◆ What you have to do ◆
Write every line below out again exactly, images omitted.
[Opening Given data section]
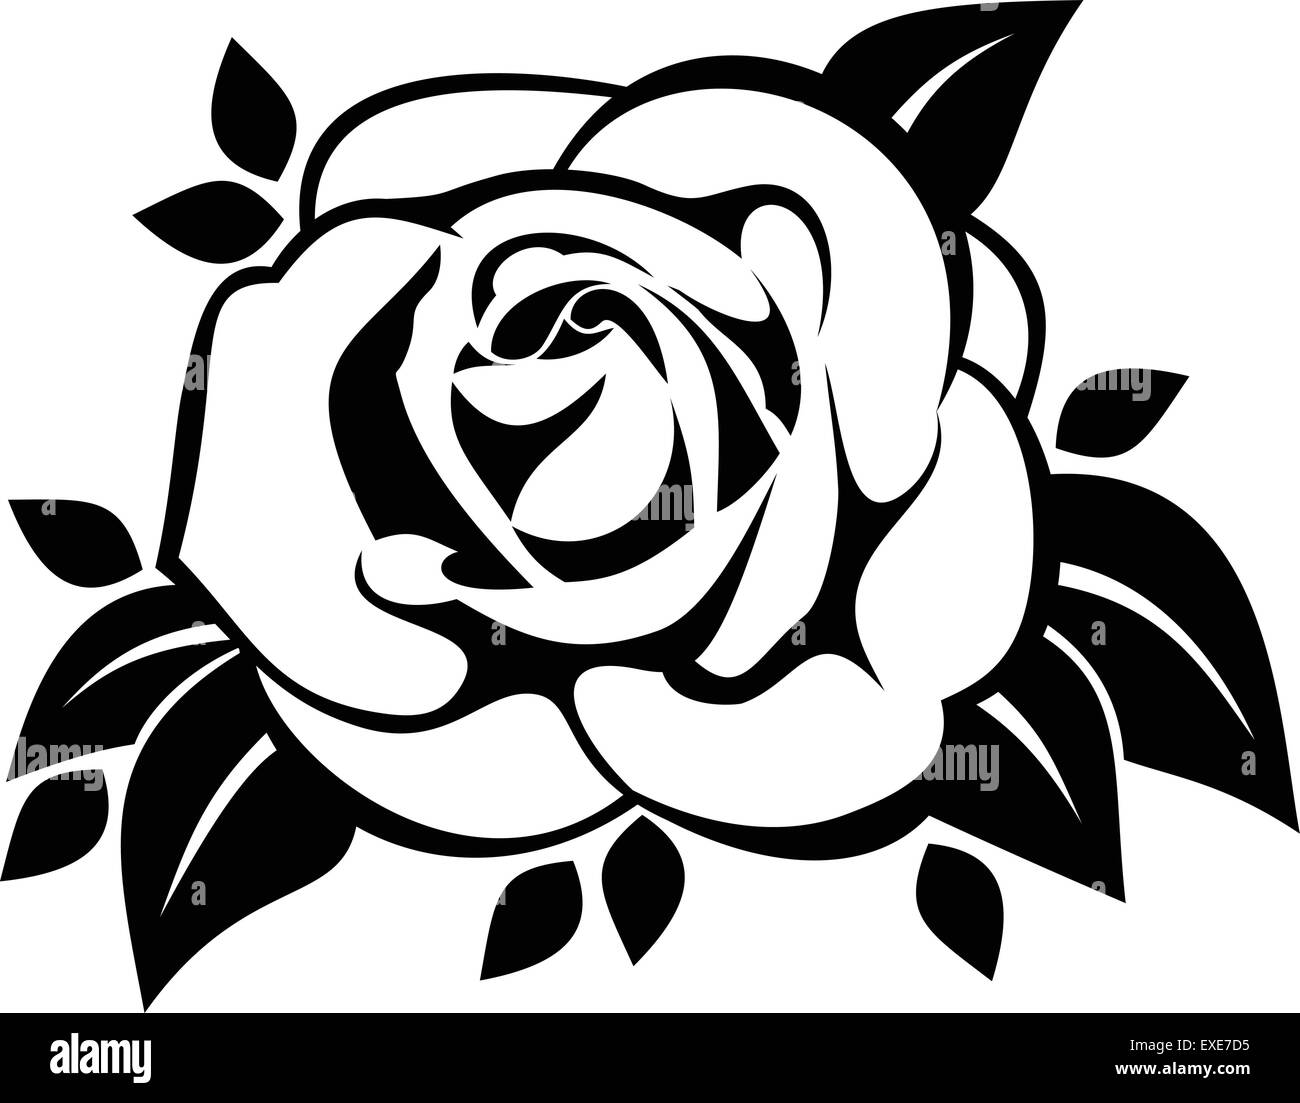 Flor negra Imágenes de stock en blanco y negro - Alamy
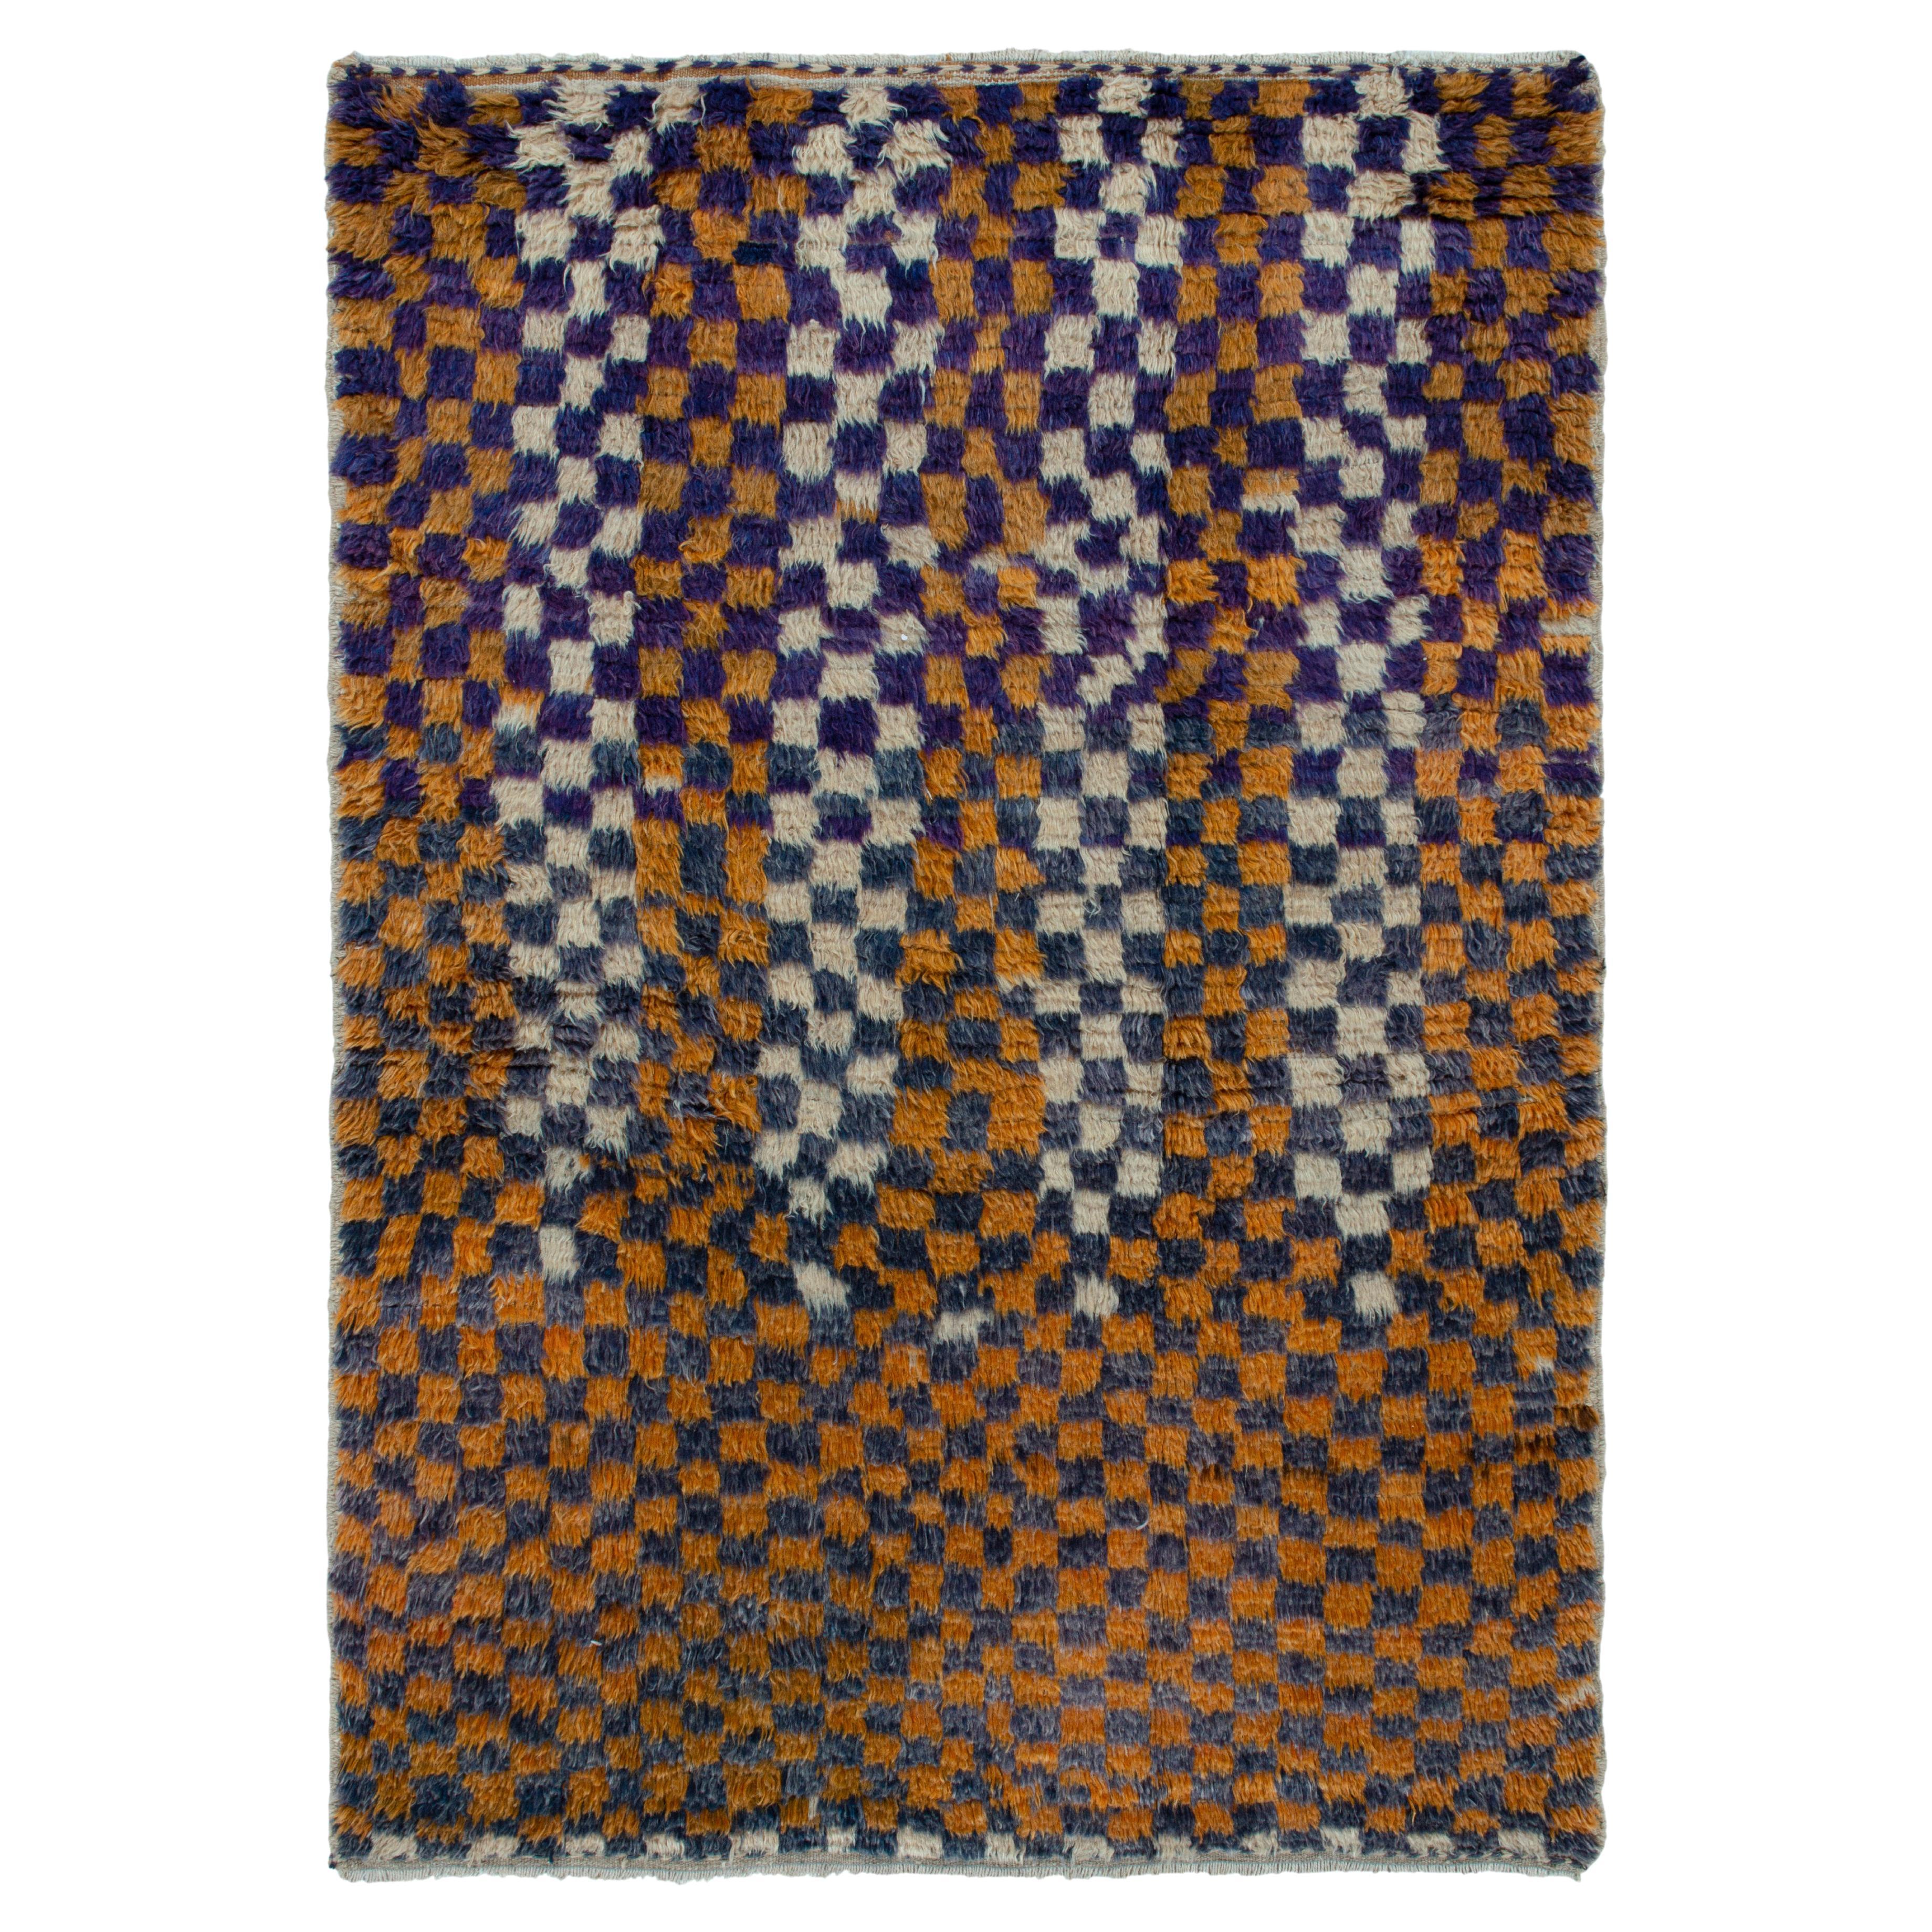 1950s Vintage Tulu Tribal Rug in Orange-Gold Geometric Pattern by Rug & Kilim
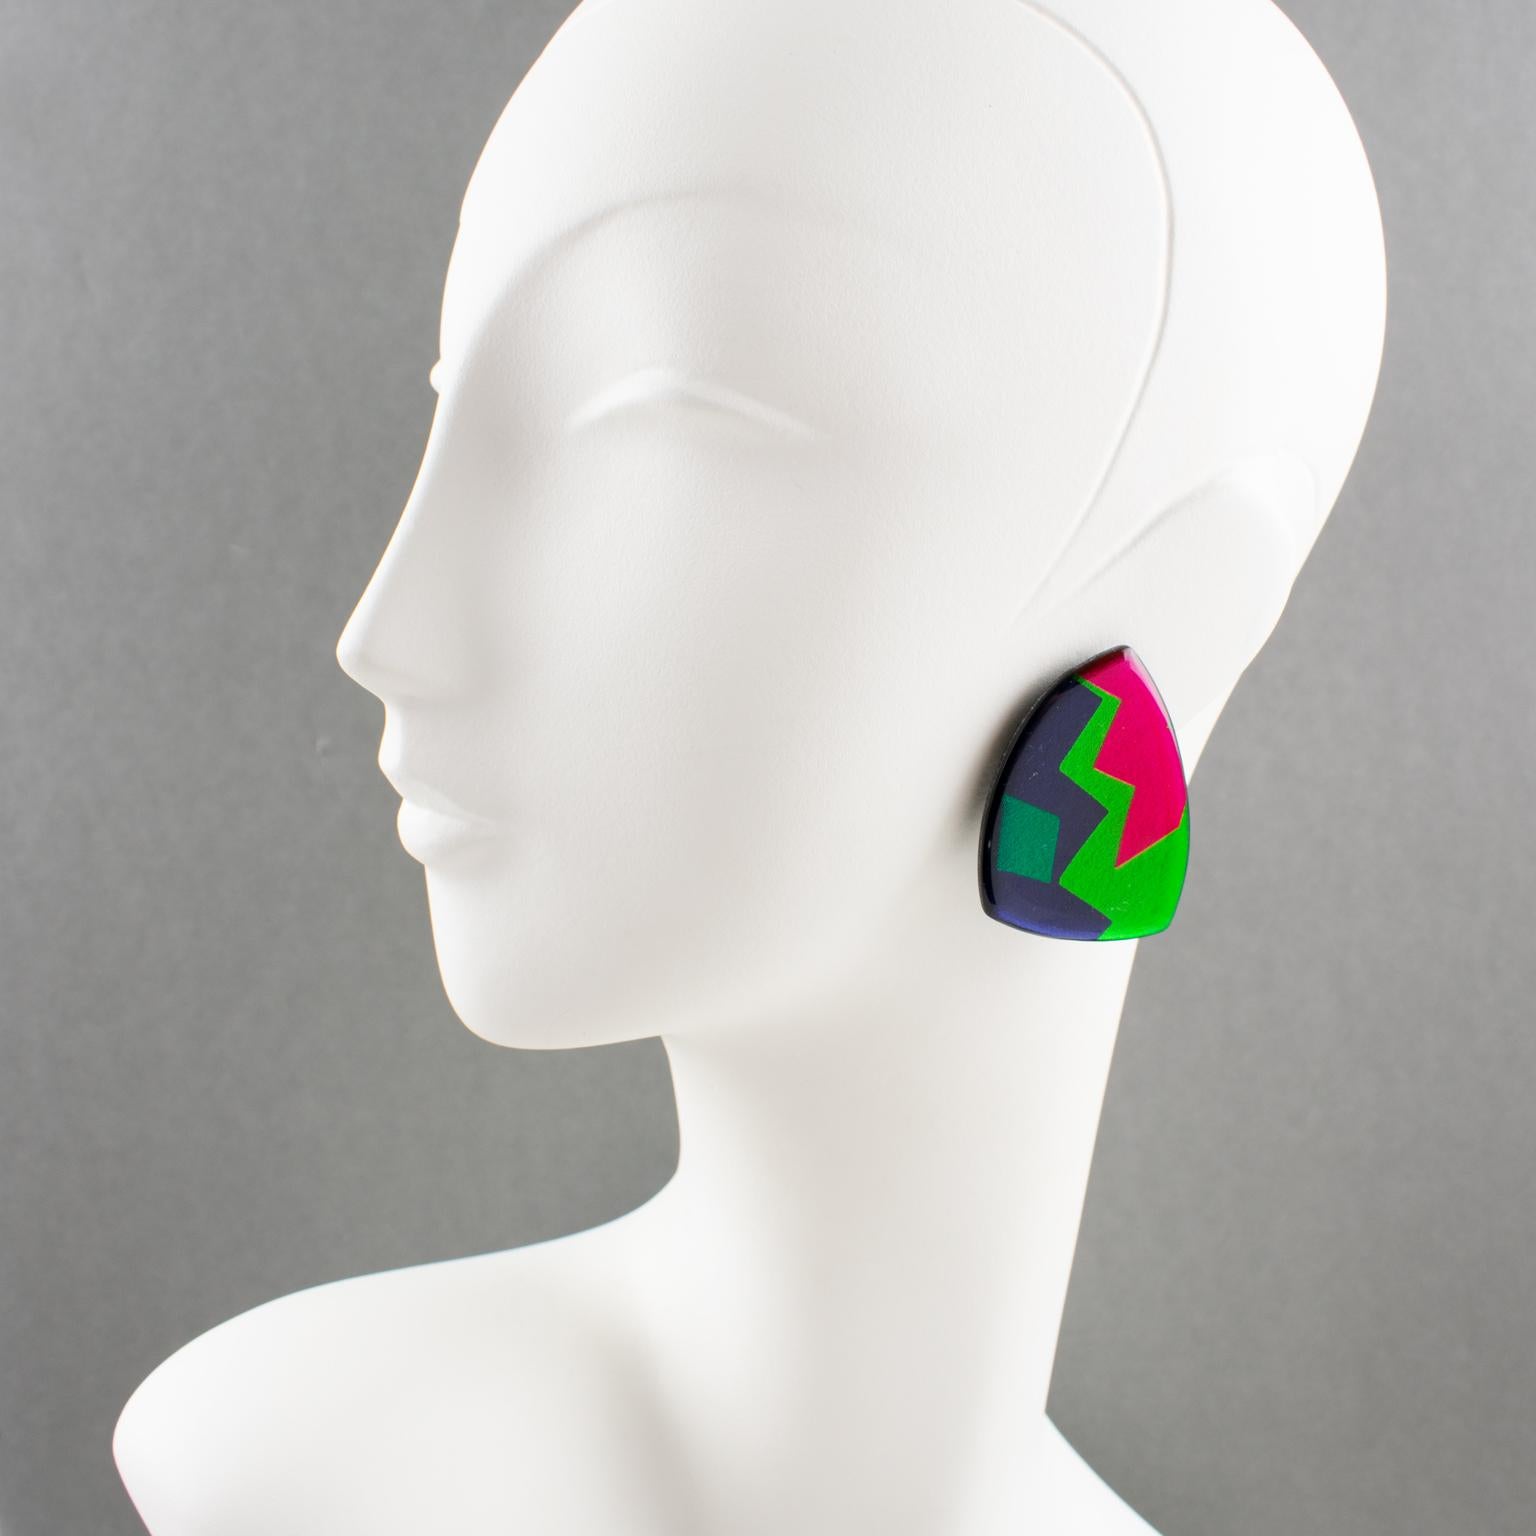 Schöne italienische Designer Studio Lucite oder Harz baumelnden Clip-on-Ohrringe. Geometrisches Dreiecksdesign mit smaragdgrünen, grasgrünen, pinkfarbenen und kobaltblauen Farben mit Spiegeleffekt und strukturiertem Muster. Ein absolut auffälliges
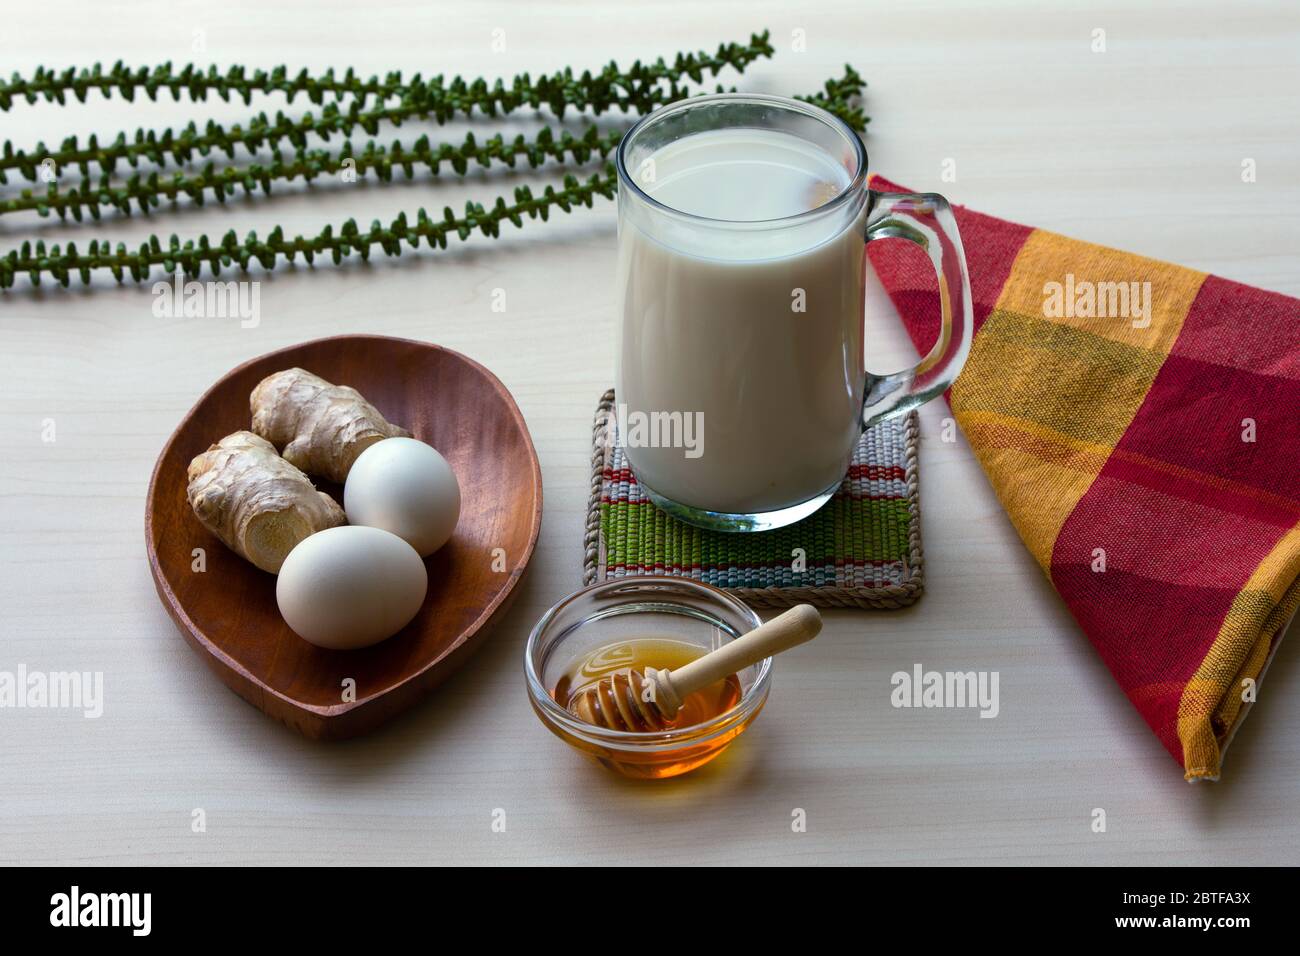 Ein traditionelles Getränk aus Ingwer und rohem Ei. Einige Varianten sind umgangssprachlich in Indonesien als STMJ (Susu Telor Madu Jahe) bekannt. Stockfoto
[Closing Given data section]
◆ Solution ◆
 Flor negra Imágenes de stock en blanco y negro - Alamy
 1950s Vintage Tulu Tribal Rug in Orange-Gold Geometric Pattern by Rug & Kilim
 Schöne italienische Designer Studio Lucite oder Harz baumelnden Clip-on-Ohrringe. Geometrisches Dreiecksdesign mit smaragdgrünen, grasgrünen, pinkfarbenen und kobaltblauen Farben mit Spiegeleffekt und strukturiertem Muster. Ein absolut auffälliges
 Ein traditionelles Getränk aus Ingwer und rohem Ei. Einige Varianten sind umgangssprachlich in Indonesien als STMJ (Susu Telor Madu Jahe) bekannt. Stockfoto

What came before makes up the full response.